ABOUT THIS EXERCISE » Using the data below, print exactly the line with "c43b90b72 نظارة شمسية", the line with "Tollregnskaper Fredrikshald, 1770", and every line between them, but none of the pictures.

++++ RECORDS PROVIDED ++++

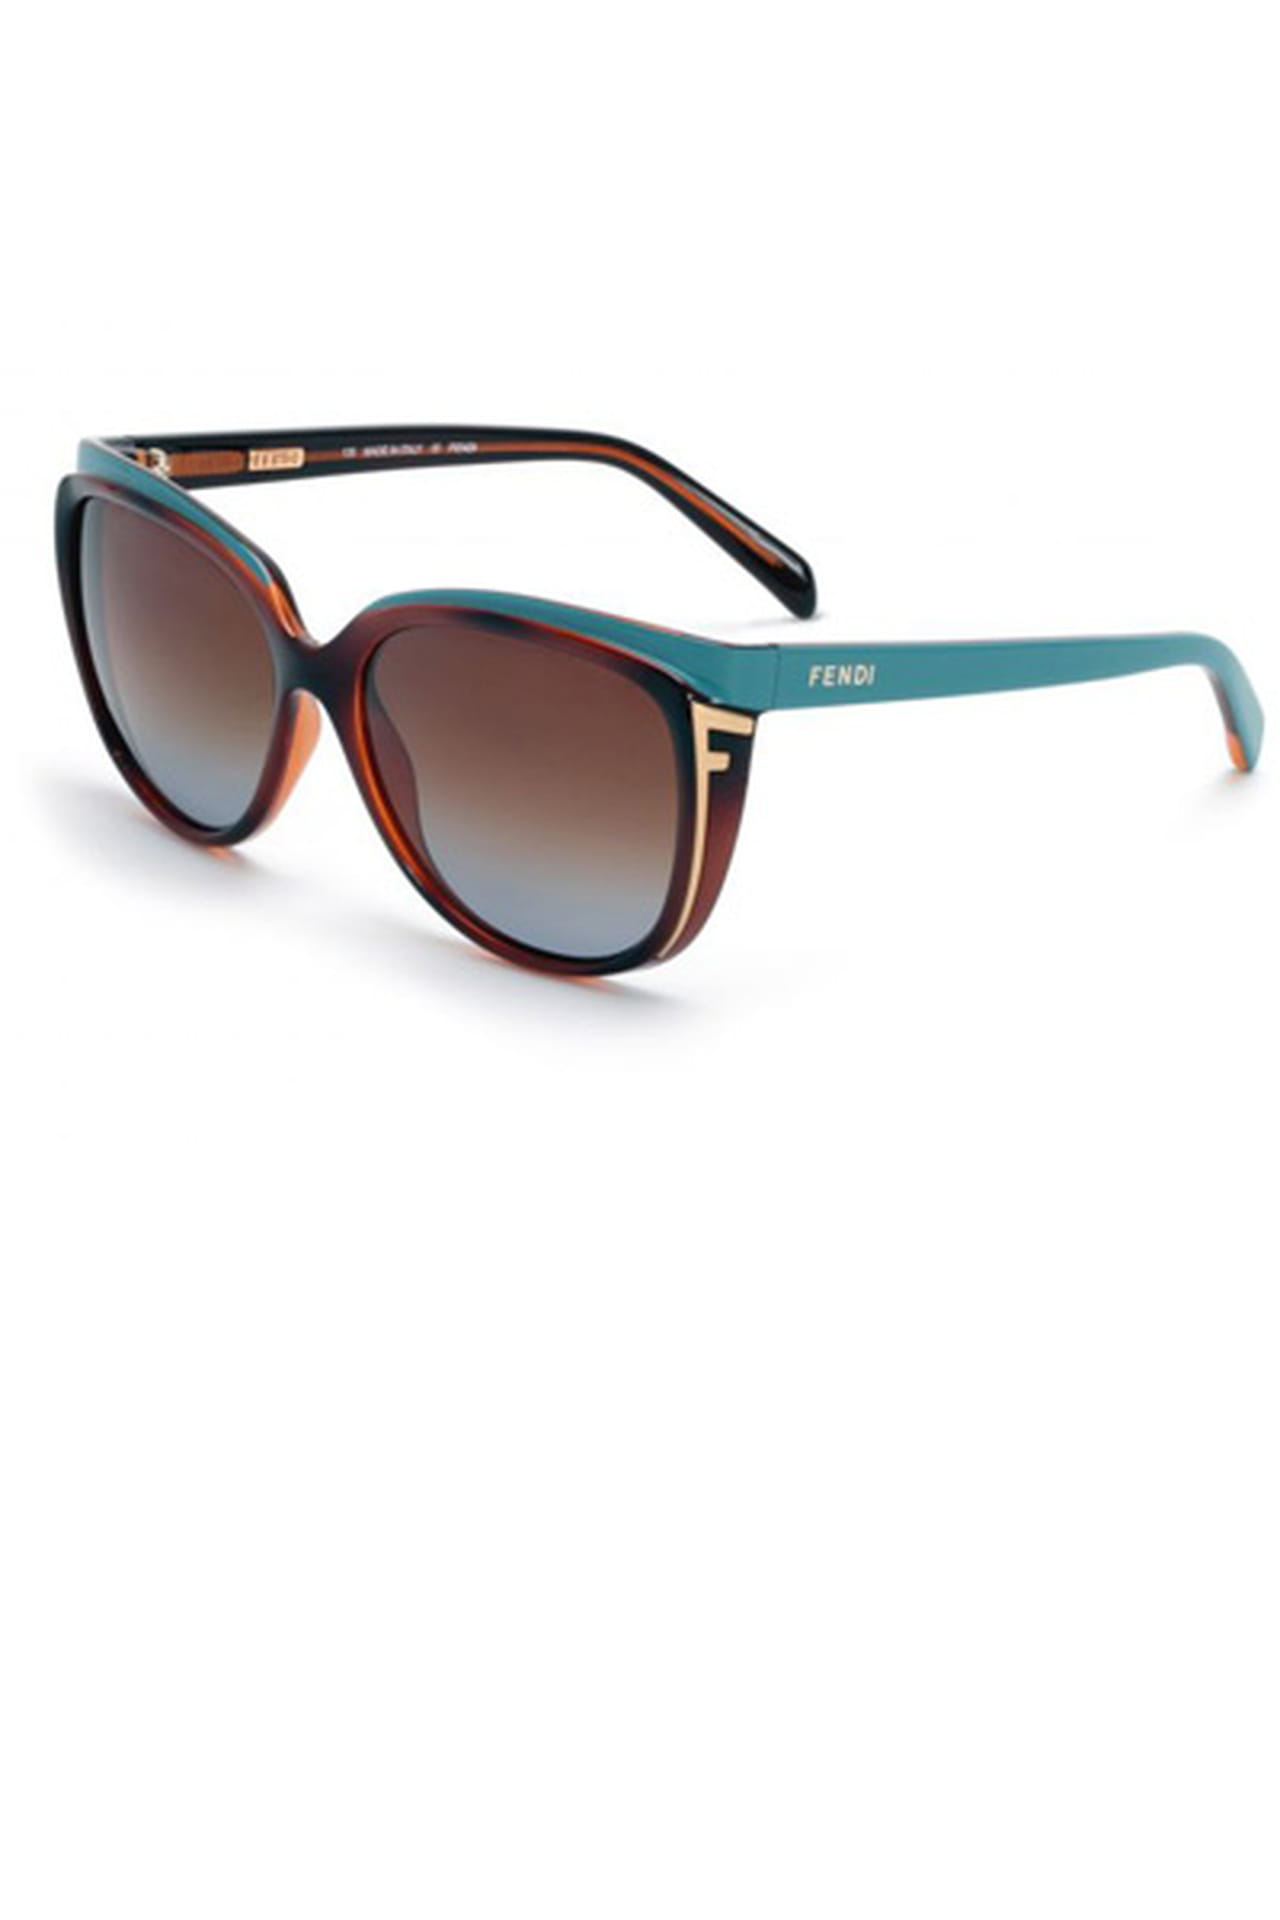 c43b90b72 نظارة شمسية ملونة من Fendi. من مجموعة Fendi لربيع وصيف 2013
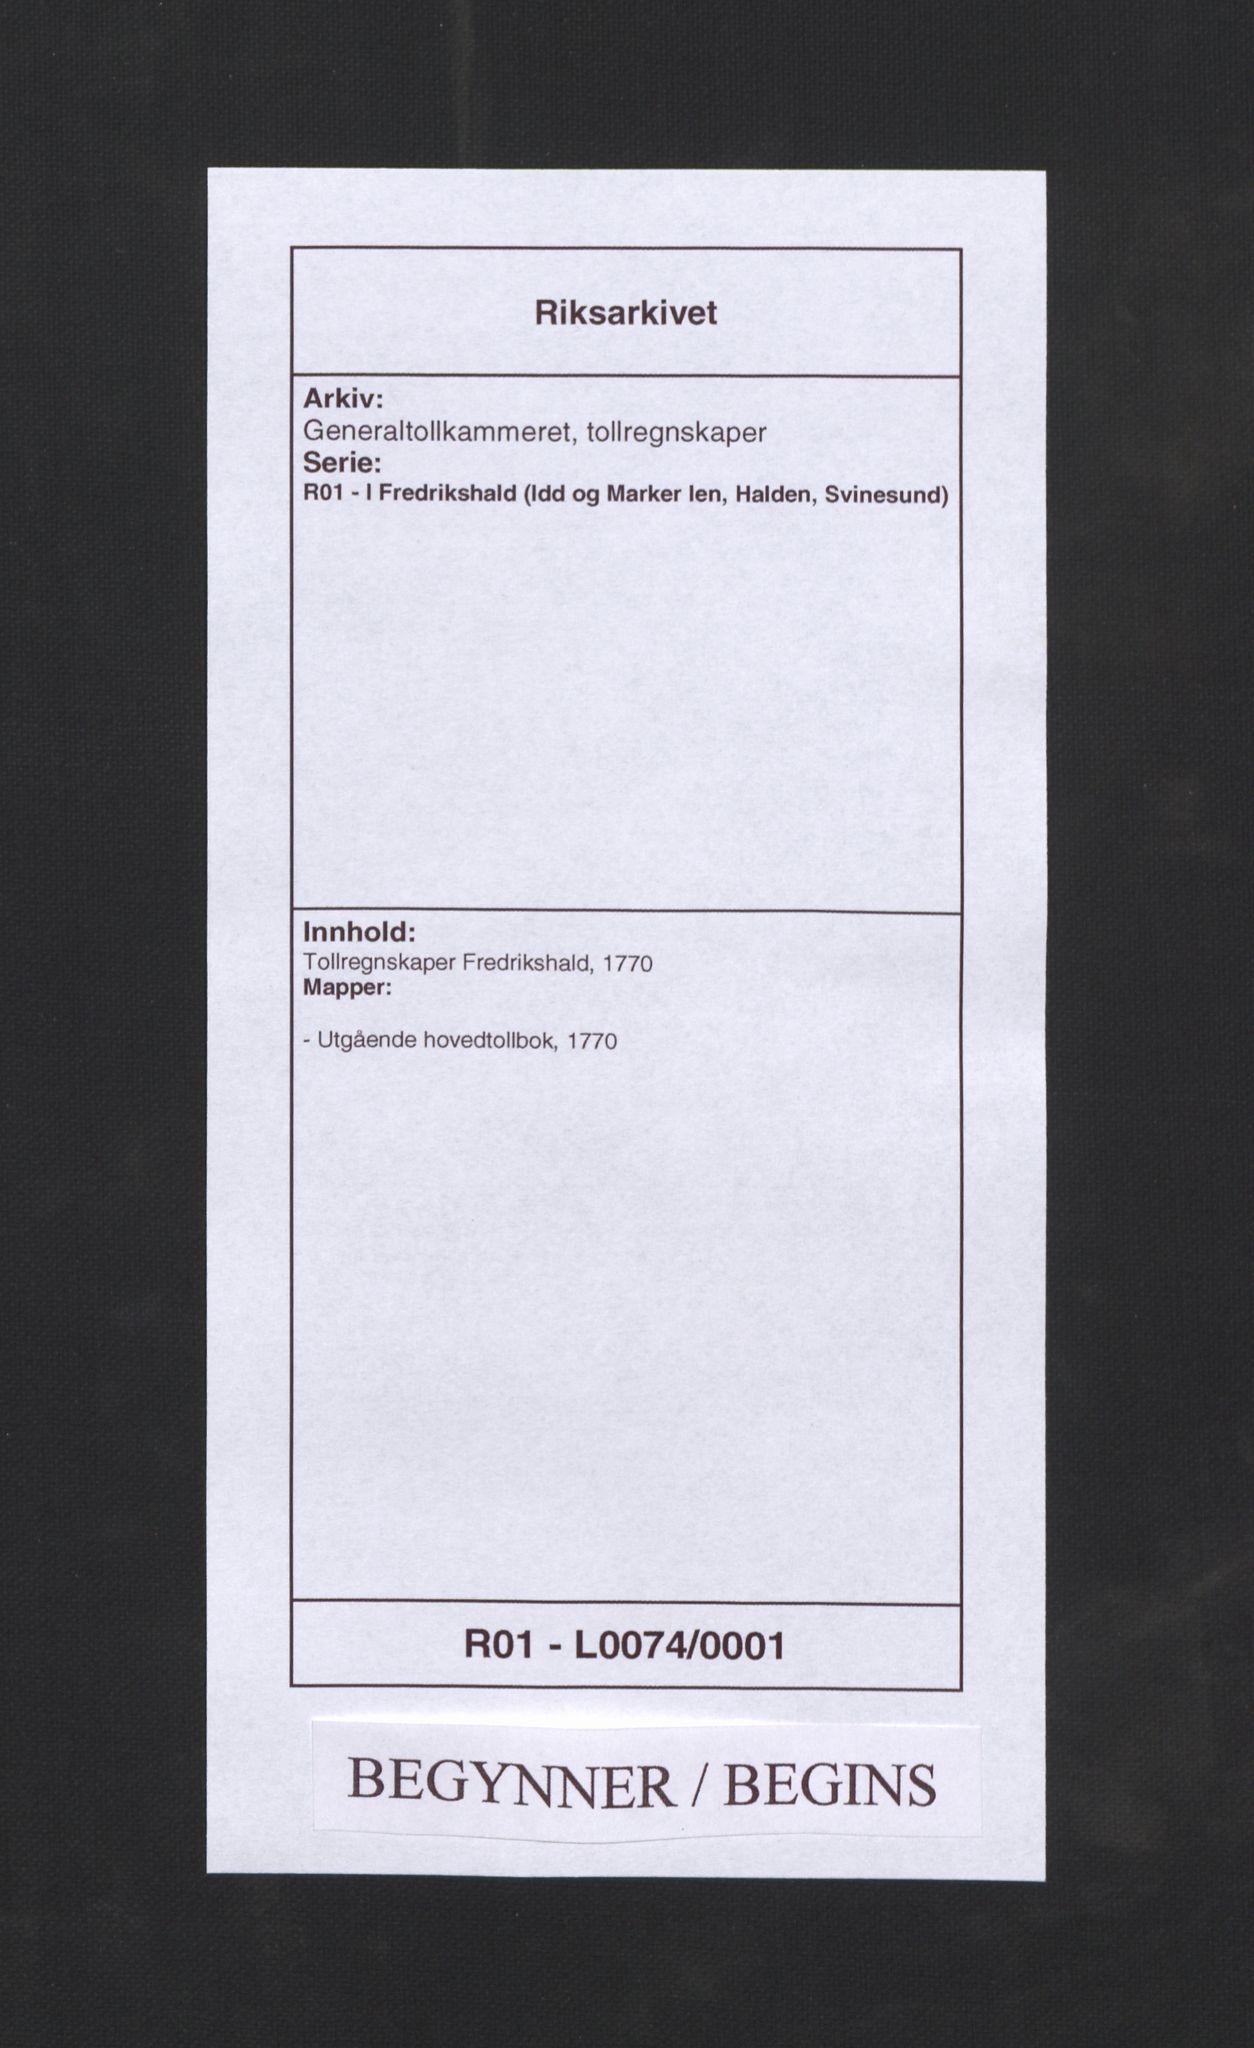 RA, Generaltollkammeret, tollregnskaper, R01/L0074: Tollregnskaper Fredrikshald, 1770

++++
++++ RECORDS PROVIDED ++++

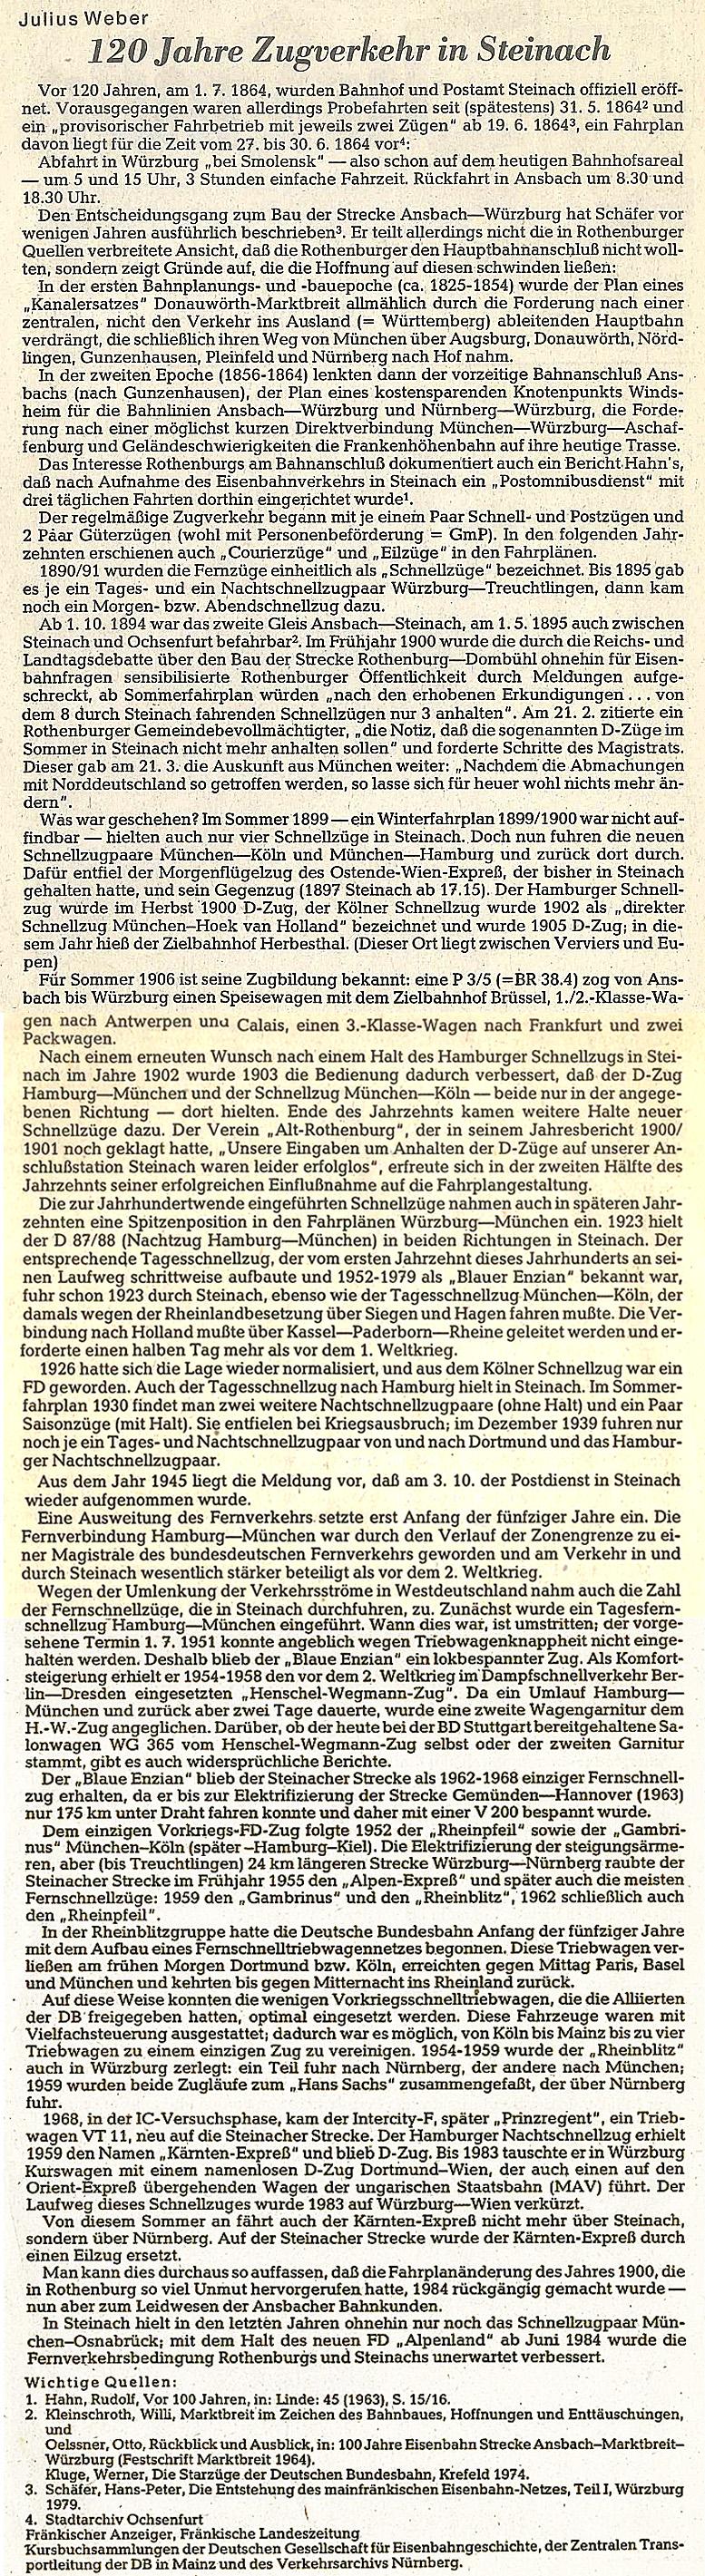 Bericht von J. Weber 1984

++++

EXERCISE SOLUTION »
 c43b90b72 نظارة شمسية ملونة من Fendi. من مجموعة Fendi لربيع وصيف 2013
 RA, Generaltollkammeret, tollregnskaper, R01/L0074: Tollregnskaper Fredrikshald, 1770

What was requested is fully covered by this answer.